### Work order
Give back exactly the lines of the data below, starting with the line that has "Blue and black box calf Balmoral boot" and going on through the line that has "[ピュワーン]回復魔法・バフ(キラキラ)の未再生の波形".

### Listed entries
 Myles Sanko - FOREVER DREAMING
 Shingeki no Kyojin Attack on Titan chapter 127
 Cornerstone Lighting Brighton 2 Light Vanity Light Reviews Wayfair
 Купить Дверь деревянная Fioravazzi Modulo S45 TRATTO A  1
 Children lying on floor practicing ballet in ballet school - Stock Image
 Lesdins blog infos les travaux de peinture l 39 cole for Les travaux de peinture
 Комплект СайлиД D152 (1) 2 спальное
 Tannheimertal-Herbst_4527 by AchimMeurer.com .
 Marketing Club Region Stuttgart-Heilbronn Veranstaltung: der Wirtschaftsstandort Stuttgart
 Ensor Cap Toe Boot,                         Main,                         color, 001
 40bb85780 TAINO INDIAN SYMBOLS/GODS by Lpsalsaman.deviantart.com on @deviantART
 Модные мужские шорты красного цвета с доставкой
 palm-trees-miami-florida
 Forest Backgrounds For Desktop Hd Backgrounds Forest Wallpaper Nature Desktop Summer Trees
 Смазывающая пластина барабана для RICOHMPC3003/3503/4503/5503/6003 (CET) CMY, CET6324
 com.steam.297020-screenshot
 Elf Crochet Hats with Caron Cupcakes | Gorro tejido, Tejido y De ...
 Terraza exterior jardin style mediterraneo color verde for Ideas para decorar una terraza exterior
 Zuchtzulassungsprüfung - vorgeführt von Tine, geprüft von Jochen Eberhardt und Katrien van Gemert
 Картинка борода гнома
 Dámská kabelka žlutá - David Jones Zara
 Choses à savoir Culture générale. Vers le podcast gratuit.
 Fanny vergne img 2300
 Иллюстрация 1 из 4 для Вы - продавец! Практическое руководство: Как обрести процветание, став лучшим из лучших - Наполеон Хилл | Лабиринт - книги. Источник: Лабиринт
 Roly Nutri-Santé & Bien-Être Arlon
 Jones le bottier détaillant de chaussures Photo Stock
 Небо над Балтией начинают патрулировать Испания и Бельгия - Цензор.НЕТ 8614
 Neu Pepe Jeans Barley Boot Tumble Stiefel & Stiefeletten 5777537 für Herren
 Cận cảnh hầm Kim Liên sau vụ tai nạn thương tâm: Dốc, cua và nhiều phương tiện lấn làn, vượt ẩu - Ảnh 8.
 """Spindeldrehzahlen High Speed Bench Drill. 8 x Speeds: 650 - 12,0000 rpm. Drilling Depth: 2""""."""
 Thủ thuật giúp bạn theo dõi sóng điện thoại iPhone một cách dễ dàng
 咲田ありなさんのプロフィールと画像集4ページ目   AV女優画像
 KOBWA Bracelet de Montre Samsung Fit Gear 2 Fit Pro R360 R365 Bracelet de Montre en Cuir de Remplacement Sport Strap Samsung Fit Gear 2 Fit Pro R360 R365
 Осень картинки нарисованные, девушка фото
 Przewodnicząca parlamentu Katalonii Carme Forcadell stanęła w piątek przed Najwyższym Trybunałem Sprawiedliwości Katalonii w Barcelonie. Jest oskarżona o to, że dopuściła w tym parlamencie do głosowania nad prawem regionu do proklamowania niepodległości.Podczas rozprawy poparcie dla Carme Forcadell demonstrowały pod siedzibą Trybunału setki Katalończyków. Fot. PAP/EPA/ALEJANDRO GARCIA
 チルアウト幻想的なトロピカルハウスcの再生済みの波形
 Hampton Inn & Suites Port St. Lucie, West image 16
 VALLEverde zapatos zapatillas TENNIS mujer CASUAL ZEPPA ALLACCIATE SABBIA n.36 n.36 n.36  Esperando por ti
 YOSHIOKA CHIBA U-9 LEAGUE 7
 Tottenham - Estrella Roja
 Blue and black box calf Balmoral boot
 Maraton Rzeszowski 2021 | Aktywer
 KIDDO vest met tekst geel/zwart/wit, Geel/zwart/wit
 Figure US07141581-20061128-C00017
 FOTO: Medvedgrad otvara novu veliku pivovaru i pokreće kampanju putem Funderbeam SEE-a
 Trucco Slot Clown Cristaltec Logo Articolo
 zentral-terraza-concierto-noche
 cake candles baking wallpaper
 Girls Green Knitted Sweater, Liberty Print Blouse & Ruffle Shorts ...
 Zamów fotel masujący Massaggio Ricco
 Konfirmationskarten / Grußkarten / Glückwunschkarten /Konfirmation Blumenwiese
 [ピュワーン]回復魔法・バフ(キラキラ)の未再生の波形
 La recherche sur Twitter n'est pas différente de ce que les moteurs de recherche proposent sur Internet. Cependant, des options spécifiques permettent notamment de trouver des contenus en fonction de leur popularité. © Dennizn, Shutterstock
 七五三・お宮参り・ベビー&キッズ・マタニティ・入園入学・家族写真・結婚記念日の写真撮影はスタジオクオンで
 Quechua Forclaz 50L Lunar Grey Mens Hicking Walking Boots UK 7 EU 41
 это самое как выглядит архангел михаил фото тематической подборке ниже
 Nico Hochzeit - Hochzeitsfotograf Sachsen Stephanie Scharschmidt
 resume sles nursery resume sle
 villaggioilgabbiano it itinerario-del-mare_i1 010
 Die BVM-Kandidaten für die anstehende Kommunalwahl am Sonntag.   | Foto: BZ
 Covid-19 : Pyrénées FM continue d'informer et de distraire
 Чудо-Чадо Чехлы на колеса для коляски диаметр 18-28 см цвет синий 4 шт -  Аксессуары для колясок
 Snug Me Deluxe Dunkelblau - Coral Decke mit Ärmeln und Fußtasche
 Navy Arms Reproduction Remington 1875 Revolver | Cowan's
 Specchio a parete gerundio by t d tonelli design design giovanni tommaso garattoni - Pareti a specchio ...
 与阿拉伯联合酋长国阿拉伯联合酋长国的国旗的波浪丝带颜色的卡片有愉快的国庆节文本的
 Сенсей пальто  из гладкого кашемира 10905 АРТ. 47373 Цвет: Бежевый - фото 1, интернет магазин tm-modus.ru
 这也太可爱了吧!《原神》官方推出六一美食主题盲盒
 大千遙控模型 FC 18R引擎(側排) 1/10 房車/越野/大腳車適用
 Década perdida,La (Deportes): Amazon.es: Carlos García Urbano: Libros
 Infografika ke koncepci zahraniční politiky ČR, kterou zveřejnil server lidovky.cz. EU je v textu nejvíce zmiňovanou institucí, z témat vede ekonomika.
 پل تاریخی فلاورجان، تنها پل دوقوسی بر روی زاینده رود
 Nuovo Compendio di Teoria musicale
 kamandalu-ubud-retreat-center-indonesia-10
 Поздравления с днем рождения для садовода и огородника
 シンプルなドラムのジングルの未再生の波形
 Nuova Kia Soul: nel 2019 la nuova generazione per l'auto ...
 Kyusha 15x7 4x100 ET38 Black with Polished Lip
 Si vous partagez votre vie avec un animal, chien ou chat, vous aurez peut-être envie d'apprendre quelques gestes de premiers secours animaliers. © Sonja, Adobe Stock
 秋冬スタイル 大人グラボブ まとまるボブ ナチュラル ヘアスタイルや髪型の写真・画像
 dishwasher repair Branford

### Written reply
 Blue and black box calf Balmoral boot
 Maraton Rzeszowski 2021 | Aktywer
 KIDDO vest met tekst geel/zwart/wit, Geel/zwart/wit
 Figure US07141581-20061128-C00017
 FOTO: Medvedgrad otvara novu veliku pivovaru i pokreće kampanju putem Funderbeam SEE-a
 Trucco Slot Clown Cristaltec Logo Articolo
 zentral-terraza-concierto-noche
 cake candles baking wallpaper
 Girls Green Knitted Sweater, Liberty Print Blouse & Ruffle Shorts ...
 Zamów fotel masujący Massaggio Ricco
 Konfirmationskarten / Grußkarten / Glückwunschkarten /Konfirmation Blumenwiese
 [ピュワーン]回復魔法・バフ(キラキラ)の未再生の波形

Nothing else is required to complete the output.